Minimal techno expert also makes a convincing song-and-dance man

Dave Segal

Tuesday, June 5th 2007

"In a fantasy world—which probably won't happen—I'd like to take minimal techno and make pop out of it, the same way Depeche Mode and New Order did 15 to 20 years ago," Matthew Dear told me in a 2003 interview. Guess what? Dear's fantasy world has become reality.

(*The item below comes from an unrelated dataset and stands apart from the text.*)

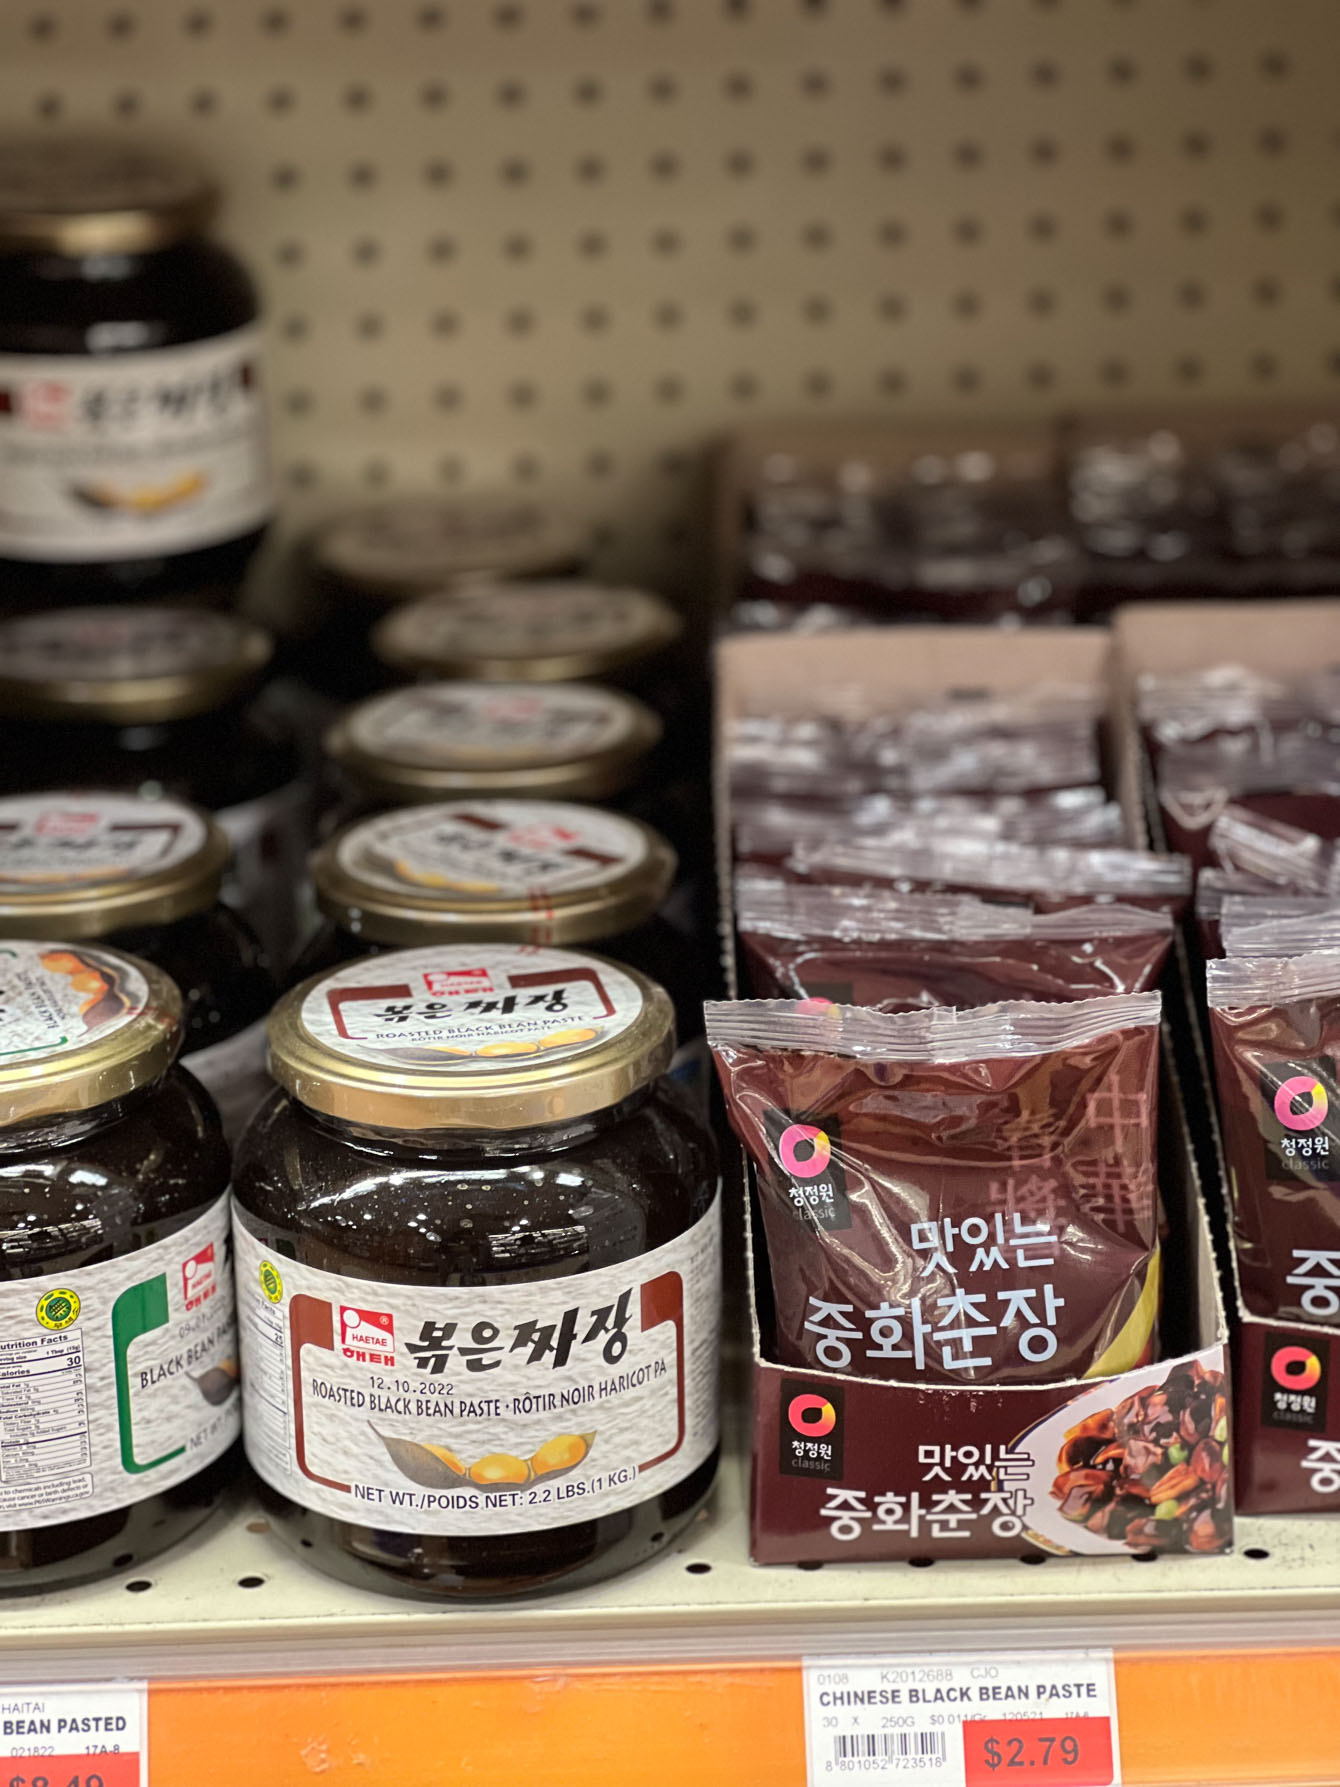 Korean black bean pastes in Korean condiment section of the store.

The transition from techno producer to singing/lyric-writing techno producer is rarely attempted, never mind executed with competence. Sterling examples could be cited on one hand (um, can I get back to you?), which makes this Detroit minimal-techno artist's stabs at being a laptop-tapping song-and-dance man so refreshing. He established himself in the early '00s the way most underground-techno savants do: with instrumental cuts geared for dance-floor devastation. But on 2003's Leave Luck to Heaven and 2004's Backstroke, Dear included his own vocals (think Bill Callahan or Leonard Cohen—low, lugubrious, lecherous), and the results were club gold that also clicked in the bedroom.

Asa Breed finds the man furthering his songcraft within the genre, his flat, sometimes stilted voice complementing his low-slung, artfully spare techno. The disc's first single, "Deserter," is twinkling, vaporous electro pop that falls somewhere between Seefeel and the Postal Service, and "Death to Feelers" coheres around an ultra-cute, spangly synth motif that typifies the record's tension between escapist and earthy inclinations.

Throughout much of Asa Breed, Dear achieves a serendipitous balance between the uplifting and the eerie, the hummable and the hypnotic, the tuneful and the texturally adventurous. You can hear a refreshing strain of electronic pop—with occasional African-inflected rhythms and Jon Hassell–esque ambiance—struggling to be born here. It's a sly, seductive effort that could help Dear break out of the techno ghetto. (Not that there's anything wrong with techno ghettos.)